At one stage, I made myself pick it up and I made myself draw. The results were contrived and banal. I dropped it back onto the table and left it there. But one night, when the house was too big, too empty, too quiet for one person, and just being in it felt oppressive, somewhere around midnight I found myself holding a biro and the rejected sketch-pad. The pen moved in the familiar anticlockwise oval that I’ve been sketching for years. Around and around and around – the lines not even, not clear, a blurry edge that becomes a face. I say ‘face’ but there are never any features – these are the old friends who exist in the margins and end-pages of my books. The people of my annotations.
A person’s art is as distinctive as their handwriting. Possibly your art says as much about personality as handwriting is said to do. I wonder what mine says about me.
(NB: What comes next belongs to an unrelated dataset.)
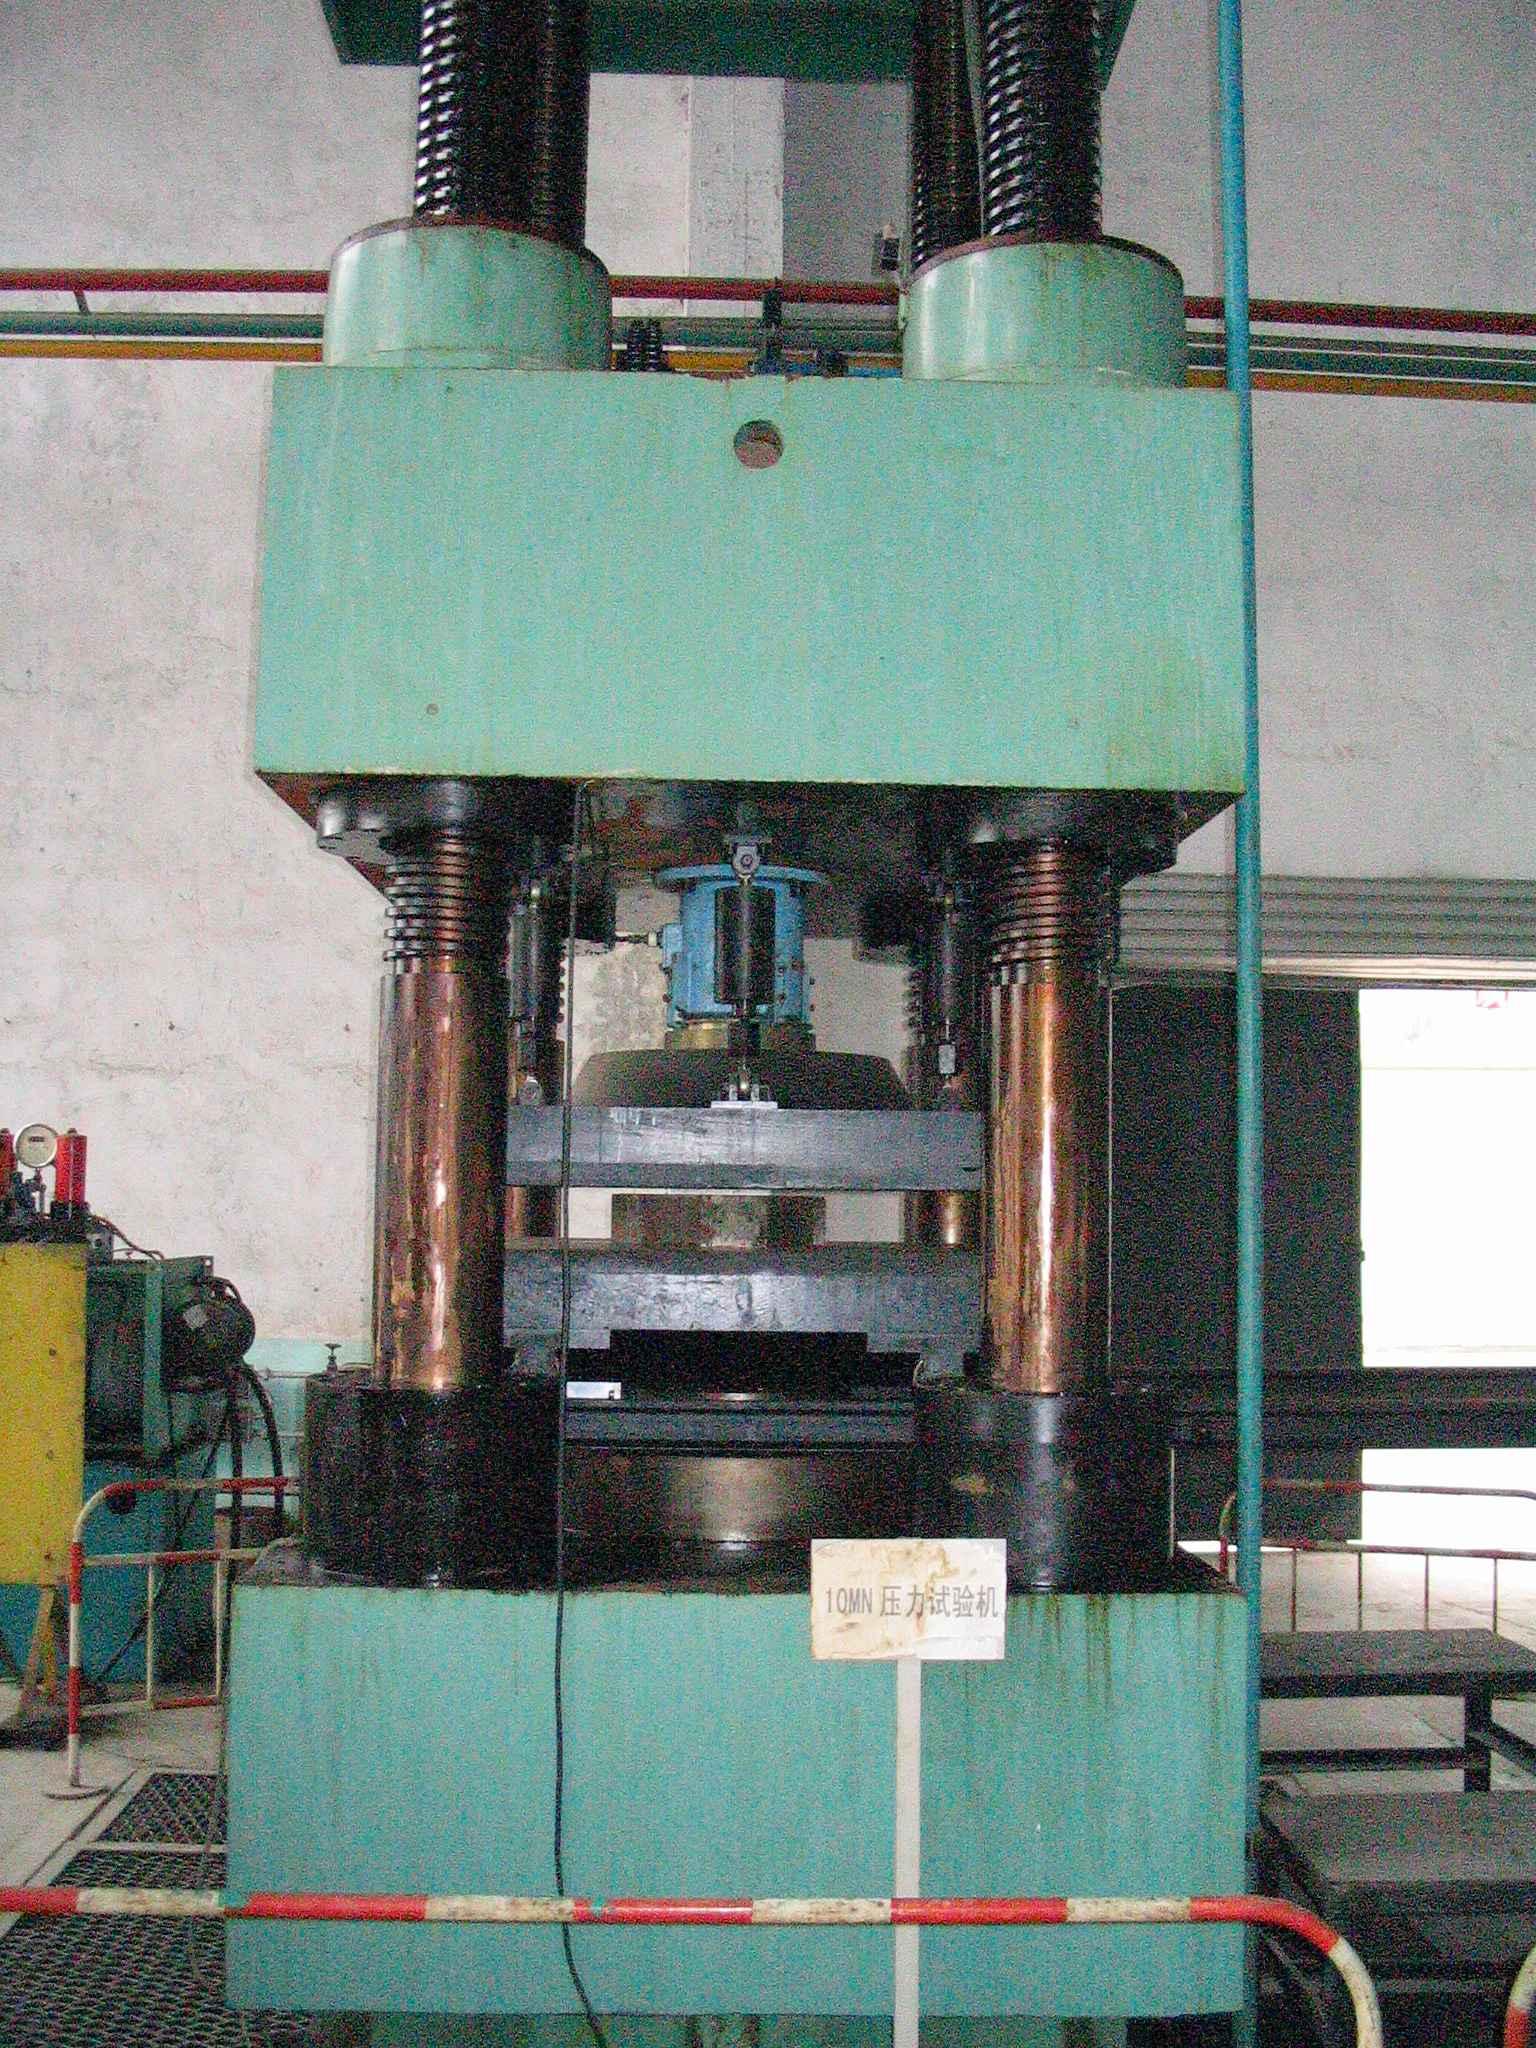 KC200优质轴承钢大颗粒夹杂物检测系统

The leitmotifs occur with regularity:
The faceless people.
The classical drapery.
The arches and fan-vaults.
Poppy-like flowers and aspidistra-like greenery.
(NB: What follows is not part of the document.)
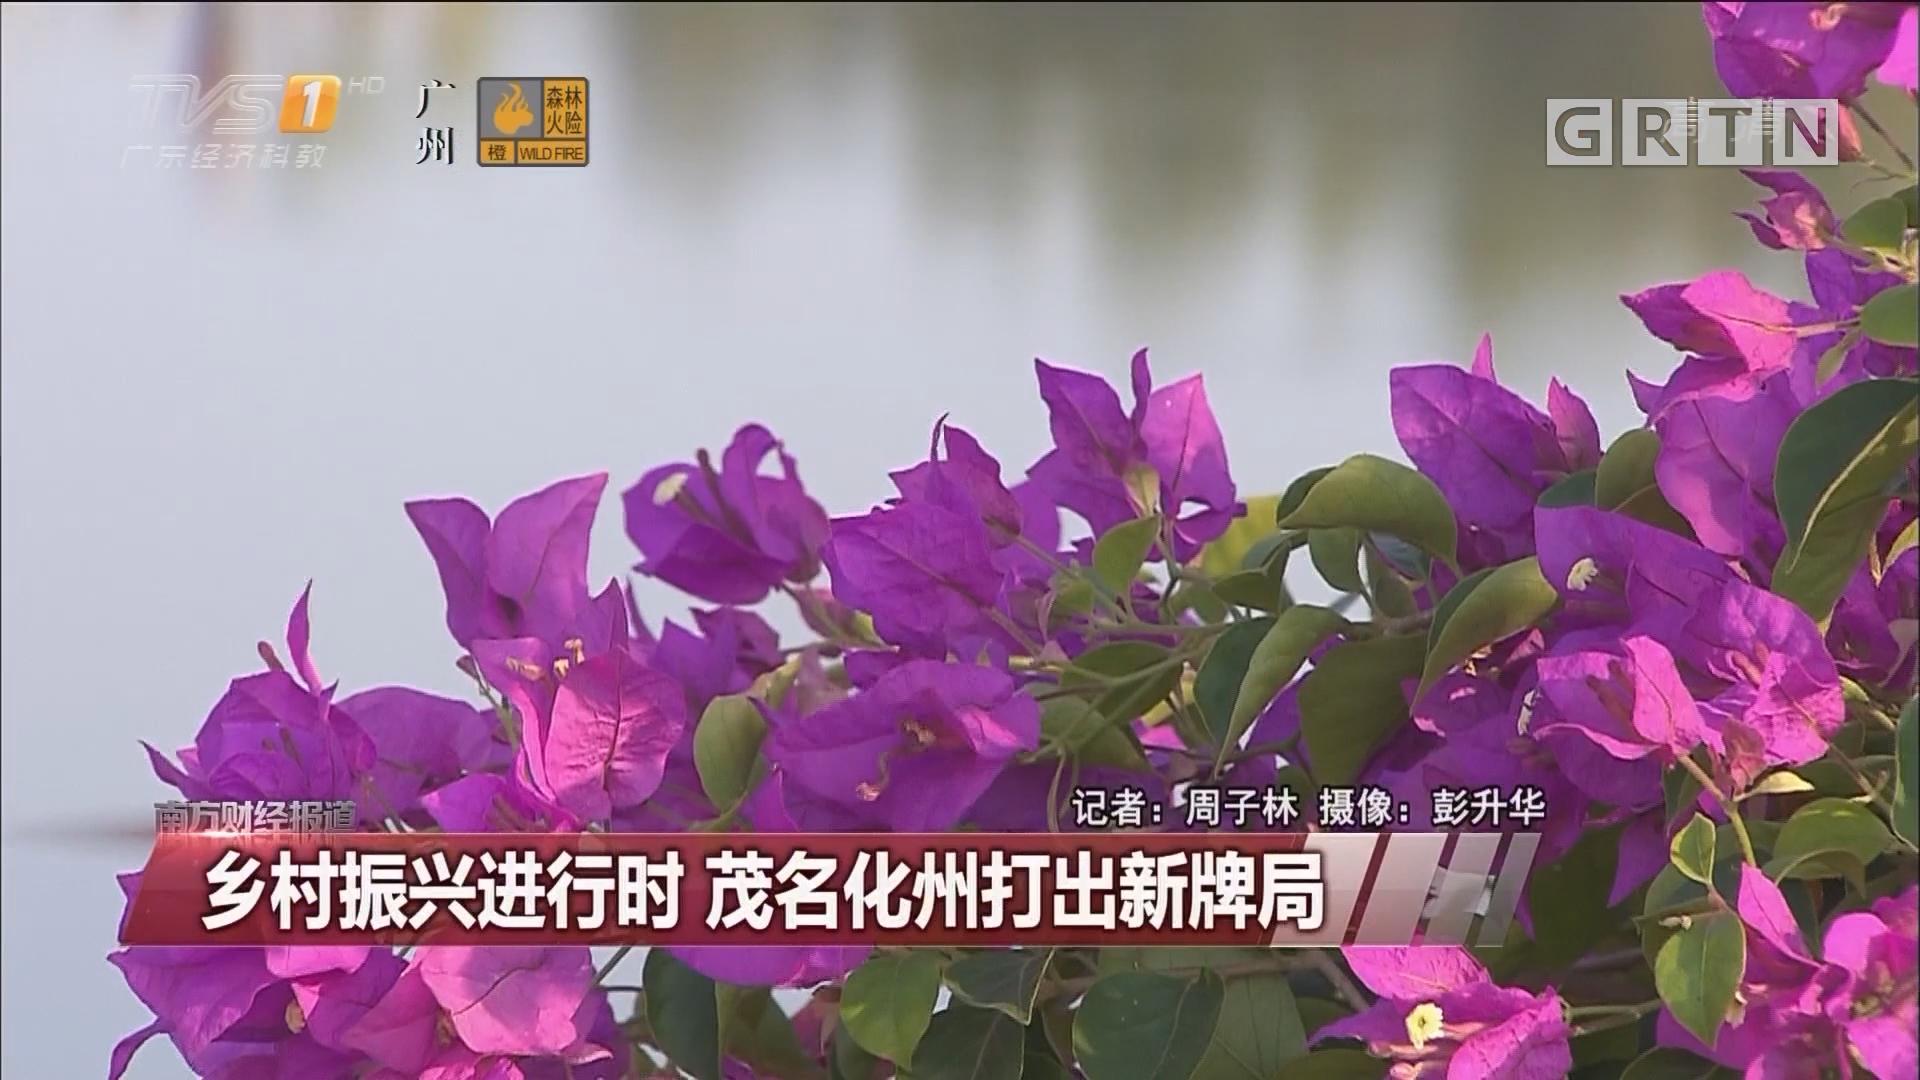 乡村振兴进行时 茂名化州打出新牌局

Swirls, spirals, scrolls, volutes, and swashes.
Spheres, cones, pyramids, and boxes.
All manner of strange craft.
Go ahead, analyse me. It’s probably all deeply significant. Or not.
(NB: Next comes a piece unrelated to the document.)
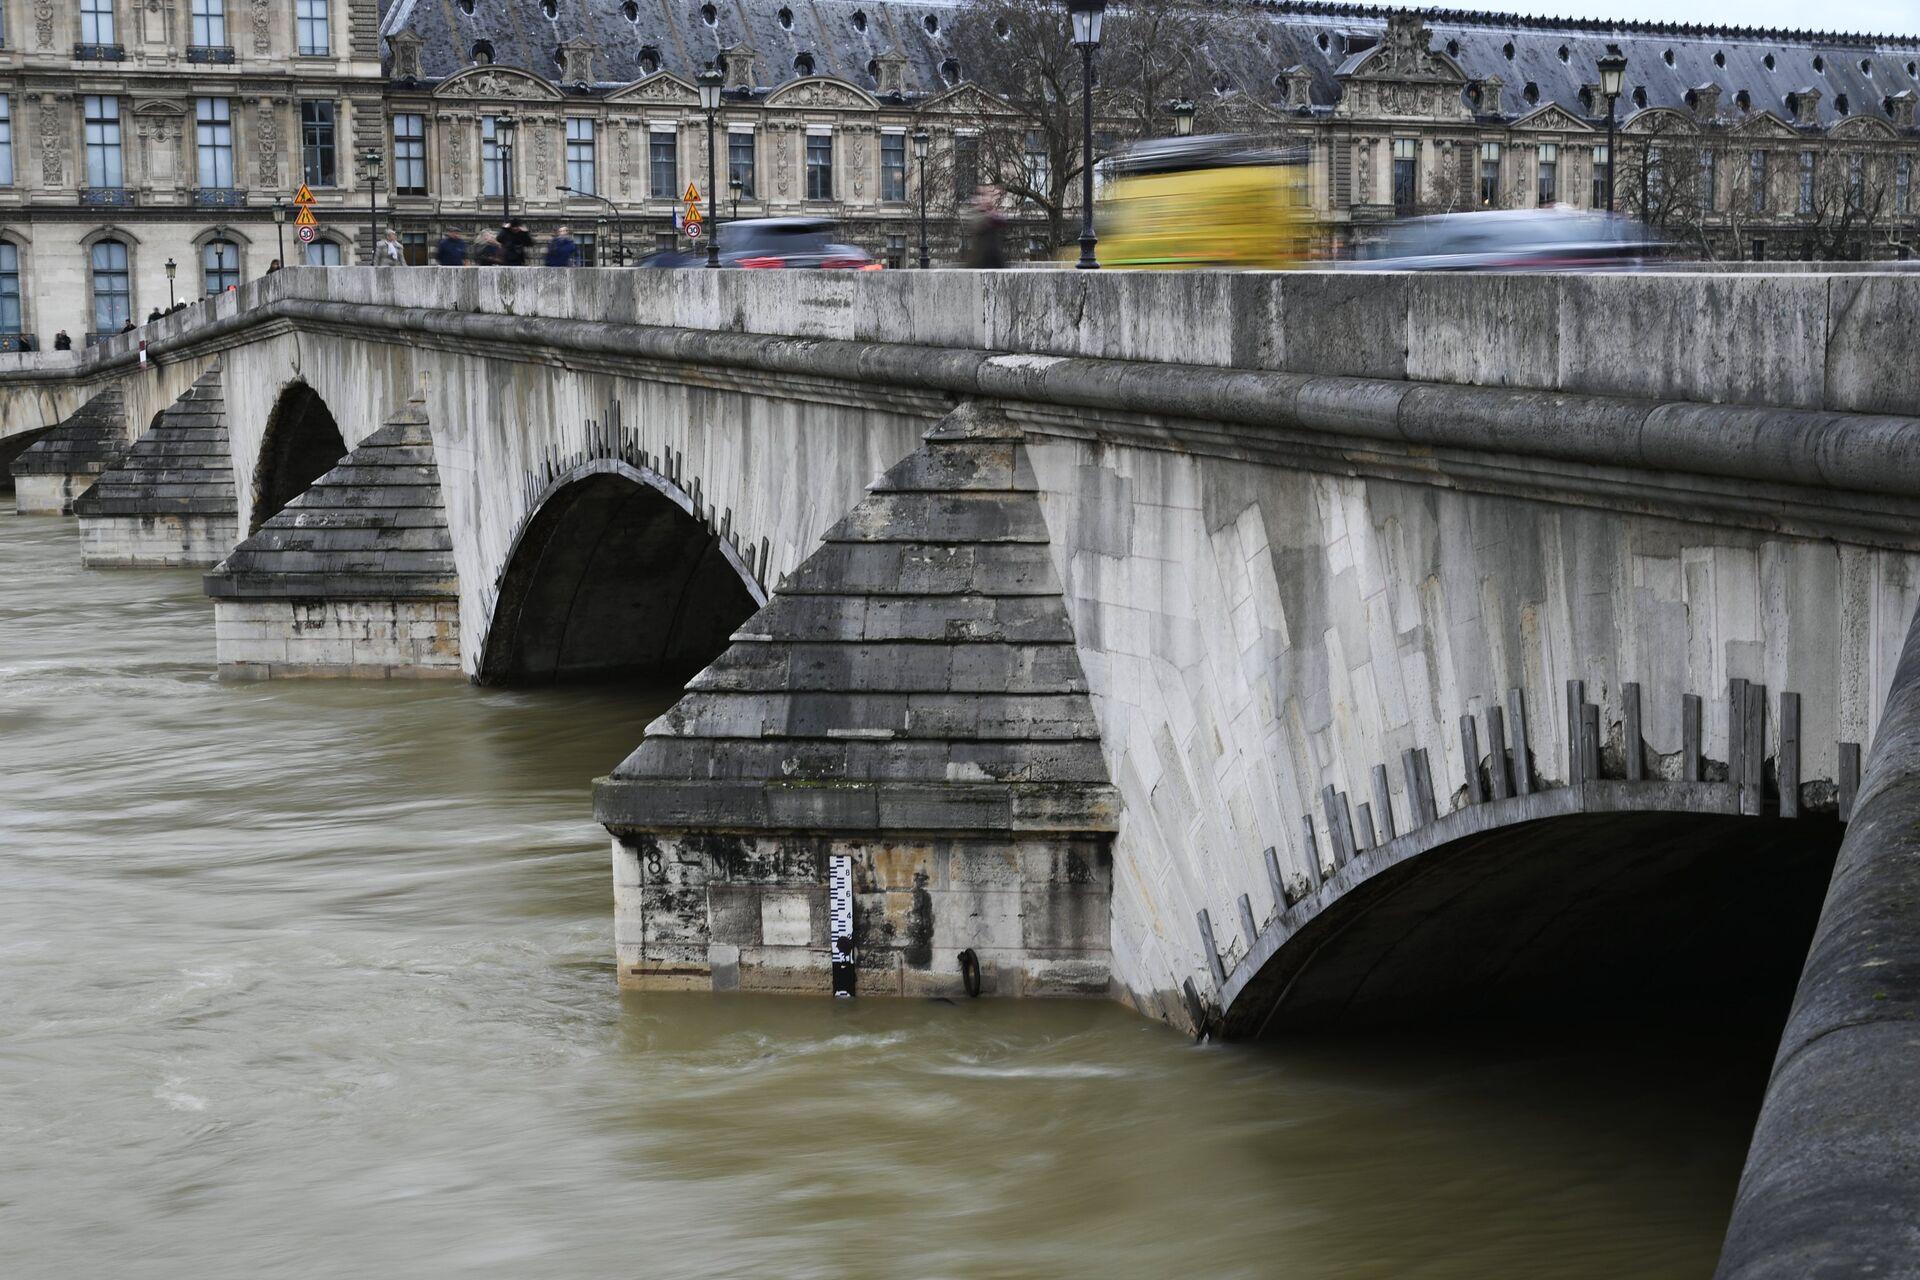 Уровень воды в реке Сене в Париже достиг пика. 29 января 2018 - РИА Новости, 1920, 16.10.2020

Through the years I have decorated journals and notebooks with these images. As I grew older, they made their presence known in my work diary, on the edges of the minutes of meetings, and in the spaces in seminar handouts. Rarely, however, have they existed in a dedicated space. Neither have they been a focussed task, more a valve to release the pressure for a brain that was elsewhere engaged.
The sudden space and silence that has come into my life seem to have encouraged their renaissance. The florescence into colour has been enabled by the new digital dimension. A sketch becomes a photograph which transforms through applications. I have a pixelated paintbox and a whole range of effects. Finally, I can realise (if that is the word for digital art) the ideas in my head. The technology makes it possible for me to achieve the effects that I intend.
There’s a certain level of acceptance as well. A colour, selected unintentionally, is allowed to remain. A shadow caused by photography in the wrong light is turned into a feature of the piece. It’s my ‘imperfect stitch’ though not an intentionally introduced flaw, rather an uncorrected error.
It’s a new thing for me to be relaxed about imperfection. It’s a new thing for me to put my creations out there for other people to see. A couple of samples risked on Instagram brought the approval of actual artists. The virtual imprimatur was unexpected and thrilling.
I may do more of this.
Also, it has brought me back to this blog.